Mr. De Shields, star of Broadway’s The Wiz, Ain’t MisBehavin’, Play On! and The Full Monty, has Mr. Armstrong’s style, swagger, stutter step and panache’. Matching him in spirit, spunk, style and talent is the sensually smouldering Ms. Stacie Precia in her debut in the show, playing Mr. Armstrong’s four wives. De Shields and Precia bring a legend to life, and tell of a way of life, robustly, ribaldly recreating that old Armstrong alchemy.
Satch blends clips of the star at the end of his life grousing about modern “cool critics” to a messenger in his dressing room, or to his white piano player trying to get “Old Pops” back on stage, with Mr. De Shields’ own silky, soulful rendering of Armstrong classics that put the “bl” in Blues. Mr. De Shields puts the black and the blue into Black and Blue, a very moving delivery and the good news into What a Wonderful World. Ambassador Satch tells it the way it was for Louis, tells us what jazz is, “like a life, it has a beginning, a middle, and an end,” and “it feels like life.”
Packs an Ethnic Wallop
In an audience where there was only one black person, “white” White Plains saw a raunchy, unapologetic reflection of a black performer entertaining a white world, and from time-to-time, how Mr. Armstrong felt about doing that. There are very bad, but funny jokes, performer-to-audience repartee and “Armstrongnicity.”

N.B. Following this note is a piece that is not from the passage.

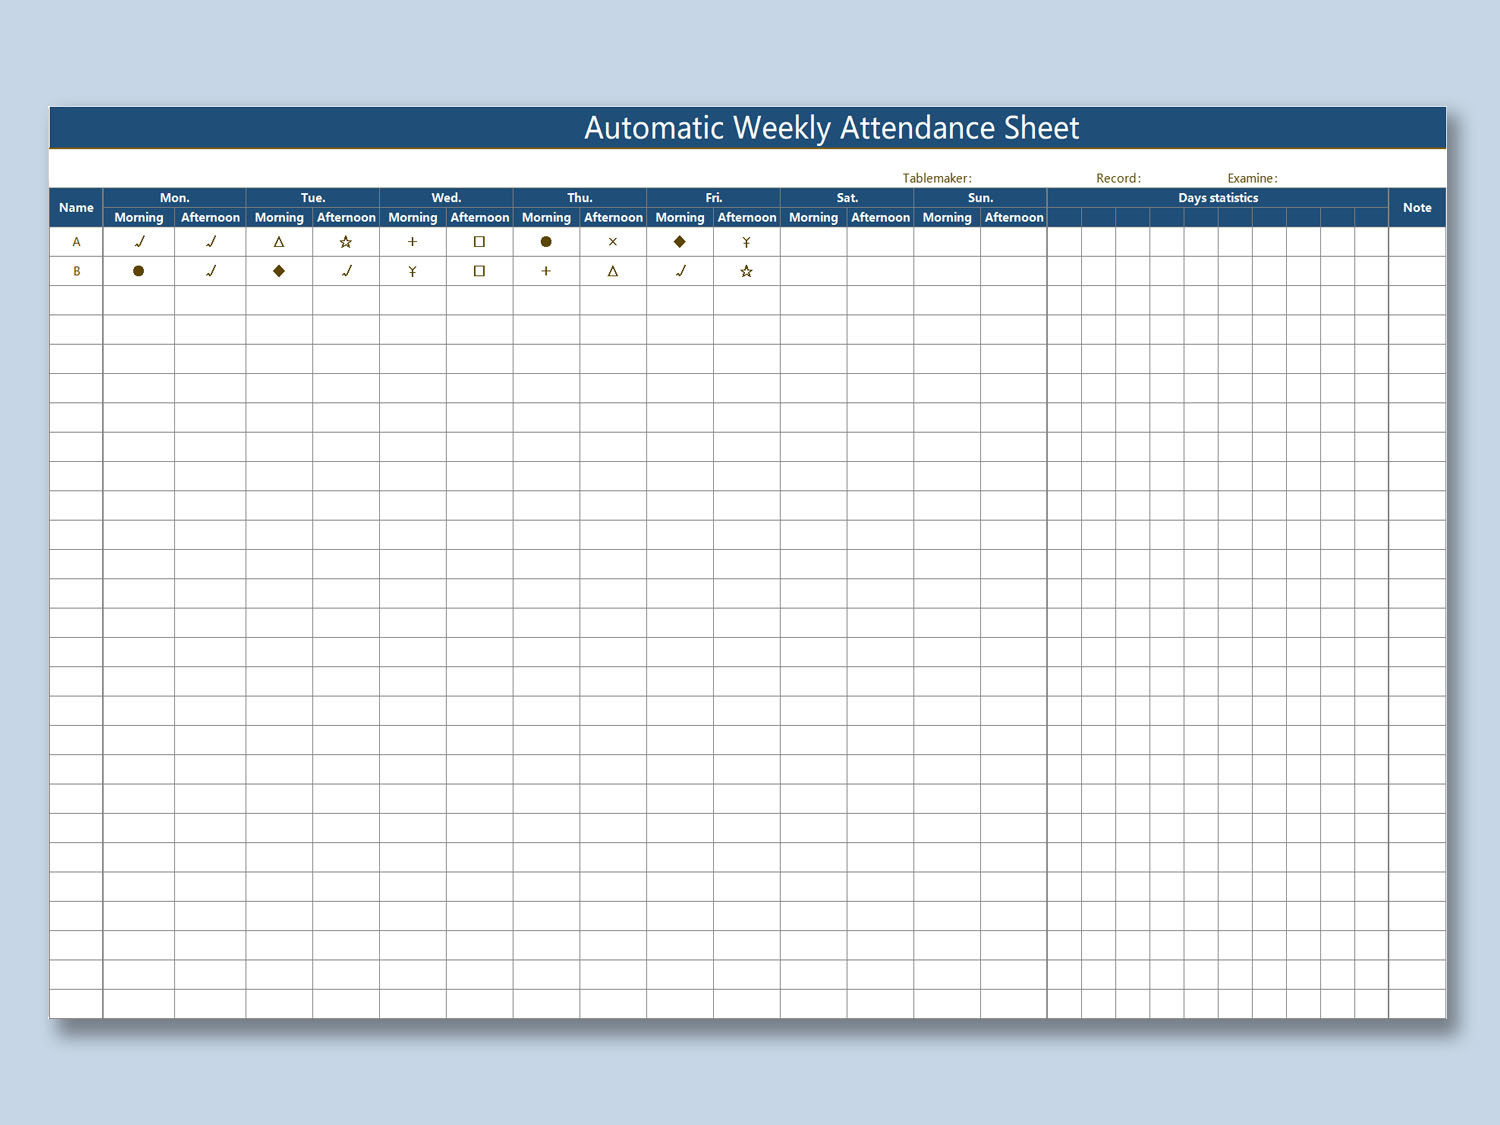 Employee Attendance Sheet Calendar Tracker Template In Pdf-2021 Attendance Calendar Download

Ambassador Satch’s clever, blunt writing, shows us just a little of the trouble Louis Armstrong has seen, in Act One. However, Ambassador Satch does not sugarcoat the pill. The audience joins in singing chants on the street when Mr. Armstrong was a kid “with bottlecaps on his bare toes,” tapdancing on the street in the New Orleans redlight district,“Storyville,” to The Bucket’s Got a Hole In It. Here the audience sings along and gets into the spirit.
Or go to the superbly textured “Mississippi-slow” tune of When It’s Sleepy Time Down South. Mr. De Shields muddies the lyrics in vintage Satchmo slur, while his “new All-Stars” back him up with the pronounced intermingling of parts that liberated artists and gave birth to the jazz.
Actor, Singer, Raconteur, De Shields Works the Audience, Wins Them Over.
De Shields’ singing voice does not have the vintage Armstrong rasp. He’s more of a silky, mellow Billy Eckstein, but that is no matter. The man has range, he has style, he can “scat-talk,” he can “bubalabogalaboo” (if you don’t know what I mean by that, you will know when you see the show), and he can dance, with “that glide in his stride.”
De Shields delivers the payload the way Louis Armstrong entertained. He creates the sheer enthusiasm and joy Louis did, pulling you in spite of yourself to share in the obvious joy he is having performing for you, (if you can dig that sentence, brothers and sisters).
As one gentleman in his eighties said to me, who said he saw Louis Armstrong perform in person, “Mr. De Shields is not Louis Armstrong, he evokes “the nostalgia” for the artist.”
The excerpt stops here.